Hypergeometric functions have occupied a significant position in mathematics for over two centuries. This monograph, by one of the foremost experts, is concerned with the Boyarksy principle which expresses the analytic properties of a certain proto-gamma function. The author develops a theory which is broad enough to encompass several of the most important hypergeometric functions in the literature and their cohomology. A central theme is the development of the Laplace transform in this context and its application to spaces of functions associated with hypergeometric functions. Consequently, this book represents a significant further development of the theory and demonstrates how the Boyarksy principle may be given a cohomological interpretation. The author includes an exposition of the relationship between this theory and Gauss sums and generalized Jacobi sums, and explores the theory of duality which throws new light on the theory of exponential sums and confluent hypergeometric functions.
Book Synopsis Generalized Hypergeometric Functions by : Bernard M. Dwork
Download or read book Generalized Hypergeometric Functions written by Bernard M. Dwork and published by . This book was released on 1990 with total page 206 pages.
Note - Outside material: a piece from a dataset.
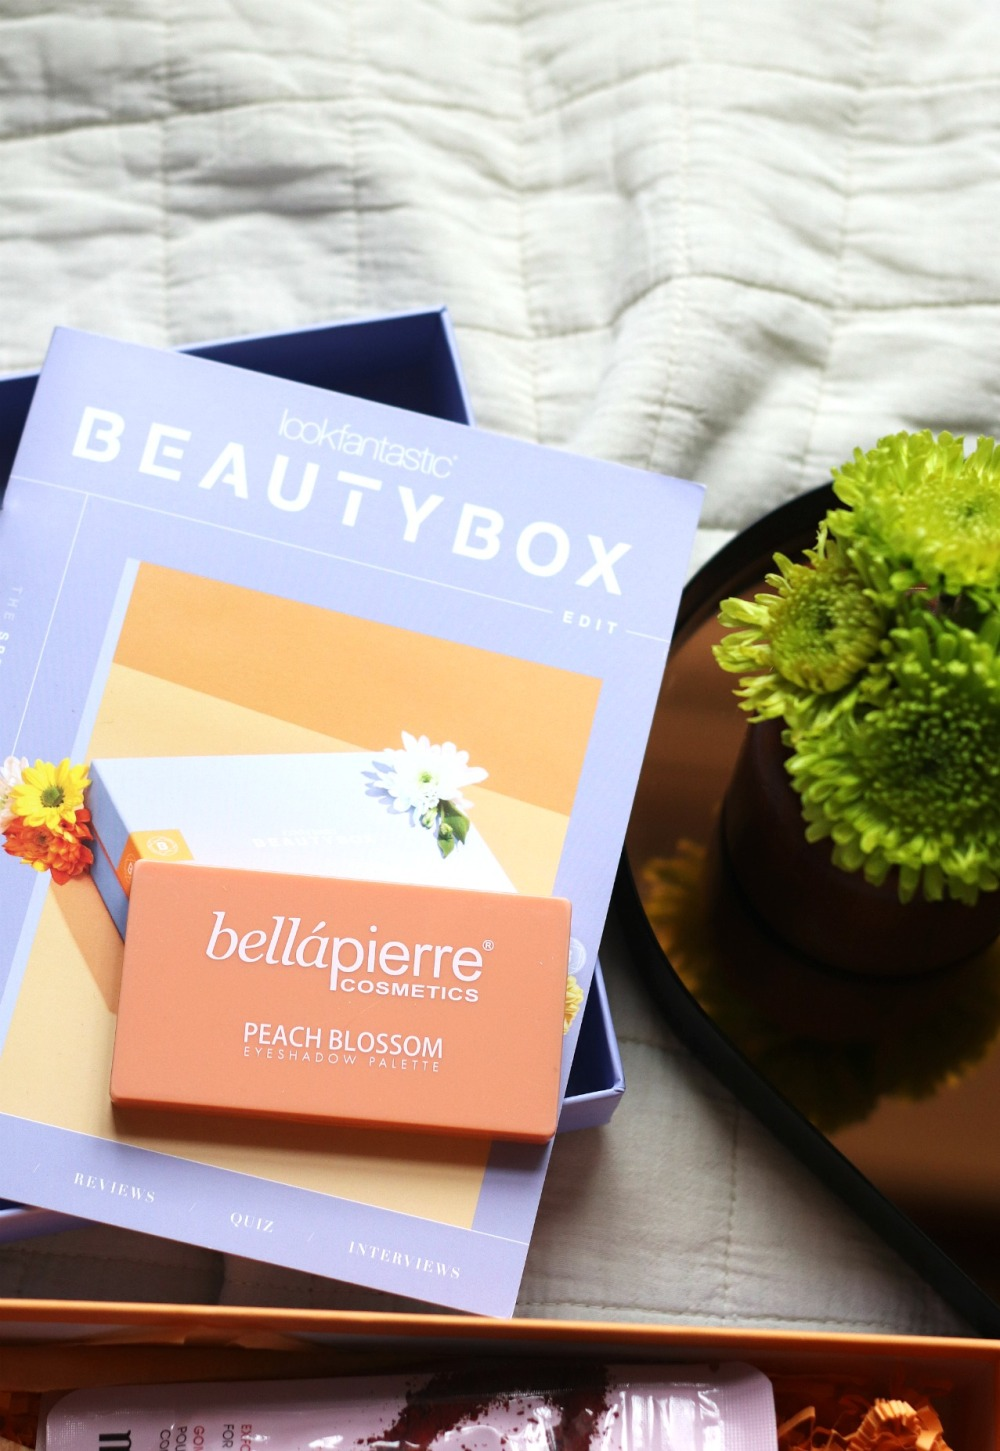 Lookfantastic April 2020 Bellapierre Peach Blossom Eyeshadow Palette

Available in PDF, EPUB and Kindle. Book excerpt: Hypergeometric functions have occupied a significant position in mathematics for over two centuries. This monograph, by one of the foremost experts, is concerned with the Boyarksy principle which expresses the analytic properties of a certain proto-gamma function. The author develops a theory which is broad enough to encompass several of the most important hypergeometric functions in the literature and their cohomology. A central theme is the development of the Laplace transform in this context and its application to spaces of functions associated with hypergeometric functions. Consequently, this book represents a significant further development of the theory and demonstrates how the Boyarksy principle may be given a cohomological interpretation. The author includes an exposition of the relationship between this theory and Gauss sums and generalized Jacobi sums, and explores the theory of duality which throws new light on the theory of exponential sums and confluent hypergeometric functions.